1. Jeff Parker finishes assembling Luke Cage’s new Thunderbolts who capture their quarry from last issue, then go off on an emergency mission to find lost agents in a cave. Gee, think they’re mutated monsters?
2. Parker has a great sense of action, keeping everything feeling fresh… but really? Mutated former SHIELD Agents in a cave? Can’t we retire this one by now?
3. Gunna, the half-troll, half-Asgardian girl is sure to join the team down the line, and Valkyrie showing up to explain her works well with the Avengers current happy-family status quo.
4. The paths to redemption of the different characters is great. Crossbones is seeming redeemable here, but as a super Nazi, we know he won’t be. If there’s one truism in comics, it’s Nazis are bad. Juggernaut is regressing, not to villainy, but to being a pouting child. Moonstone might turn a corner, or she might be trying to get into Luke Cage’s pants.
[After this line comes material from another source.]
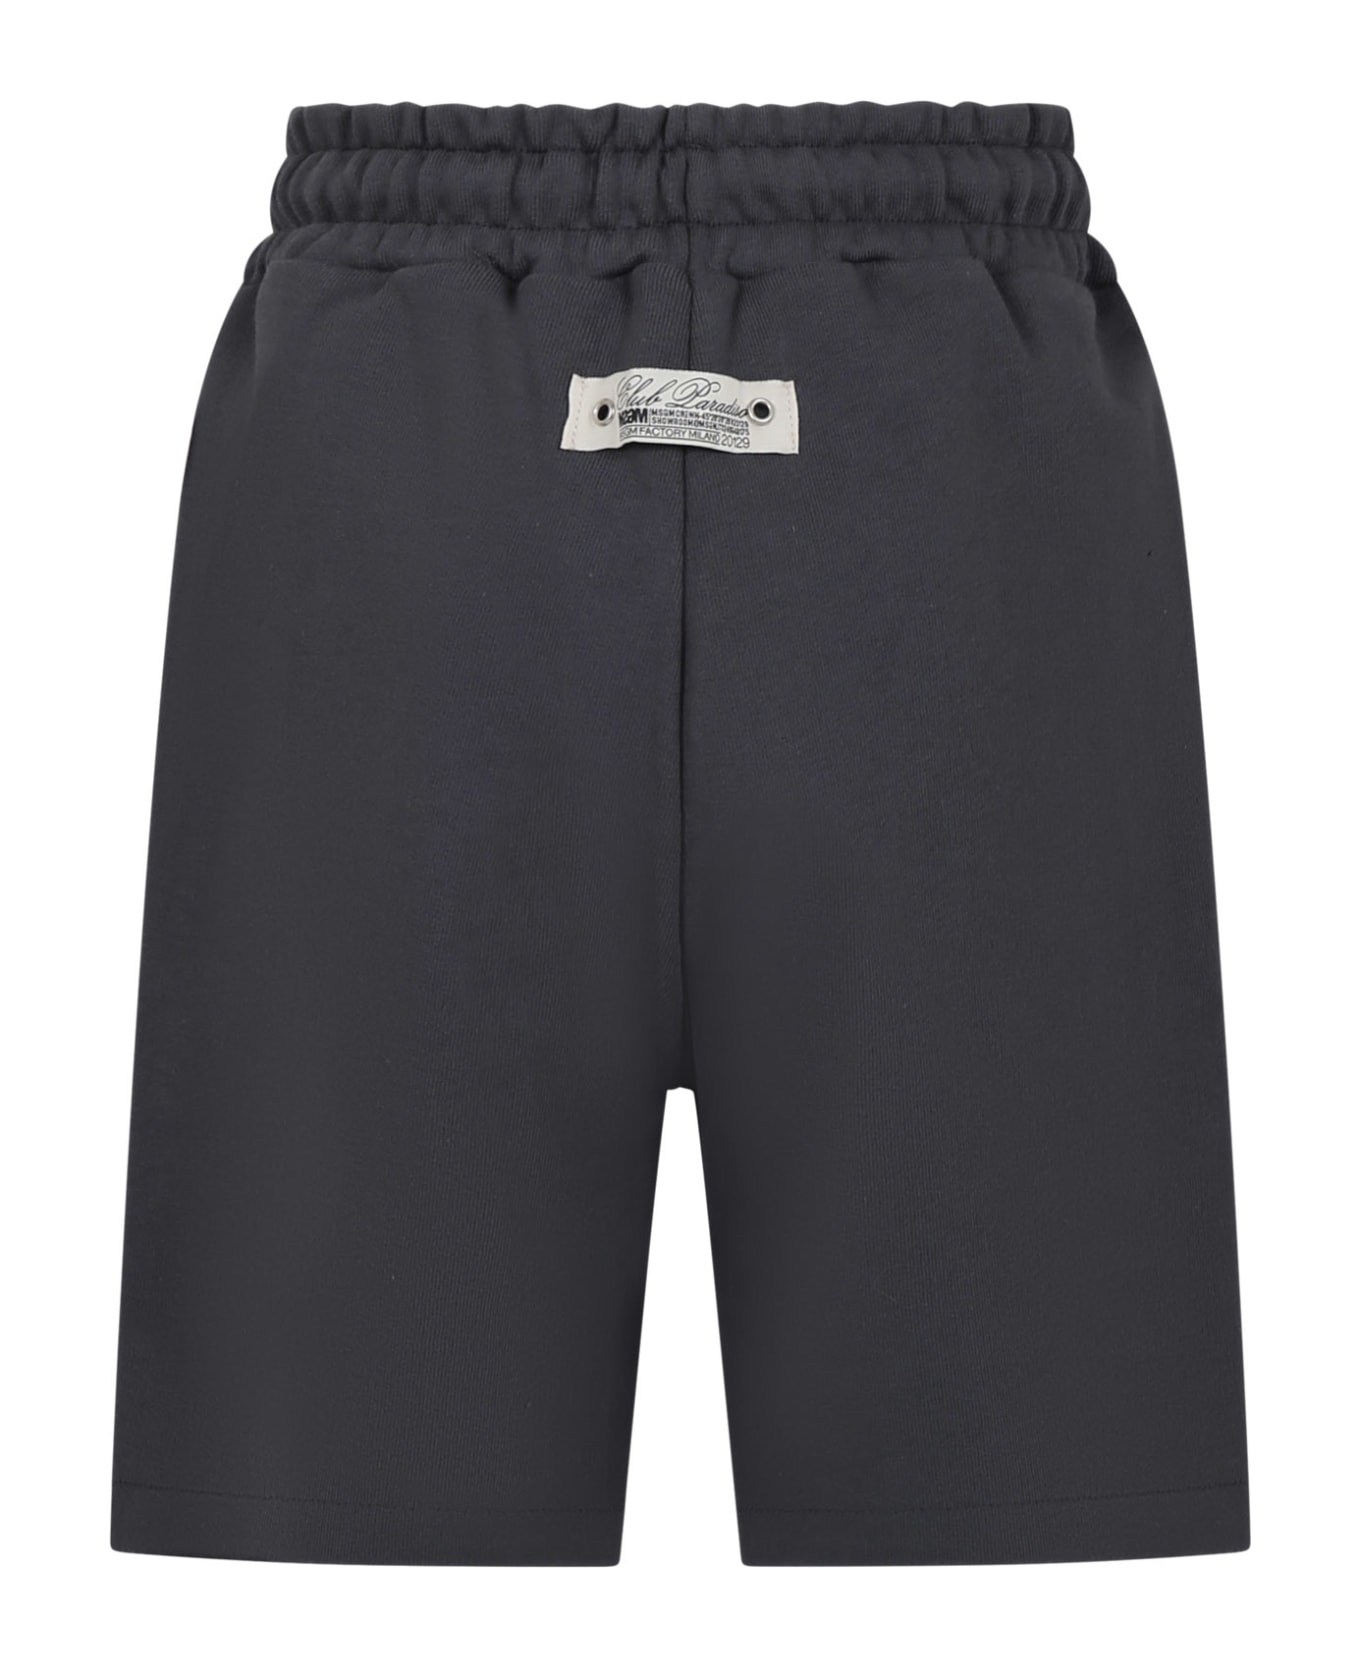 MSGM Grey Shorts For Boy With Logo - Grey

Ghost seems to have really turned a corner after Seige, while Man Thing is almost… like a team mascot or pet in an endearing way.
5. The great part about #4? Some will be redeemed and some turn out worse than when they started. Besides Ghost and Crossbones, we just don’t know. Parker is skilled enough to keep us guessing, which is the book’s real hook.
6. Great art doesn’t hurt anything as a hook either, though the monsters look entirely generic. They’re a cross between the brood and the Cthulu monsters over in Thanos Imperative.
7. The inclusion of original Thunderbolts Mach 5, Tech and Songbird does my heart good. They’re all interesting, redeemed characters that have a really good reason to be a part of the book. I was annoyed when they were in limbo and happy they’re back.
8. Better than anything else, the art nails the facial expressions of the characters. No one looks like they’re shouting when they should be sulking or any such nonsense. This really drives home the humanity of even hardened criminals.
9. The last stand page at the end with Crossbones, Ghost (in Mach V’s armor) and Man Thing vs. a ton of uglies, is the height of cliche, yet no less aweesome for it. It’s the mindless, the redeemed and the irredeemable all together. Thematically perfect.
10. Rating: 6.5/10 This comic takes a tired premise and while it doesn’t get new life, it does at least offer a new perspective. Parker clearly knows the premise is tired, so it gets little airtime except as a vehicle for characters to react to… and they all react in different and interesting ways. It’s early and this will mean more once I’m more invested, but this is a solid step into that direction.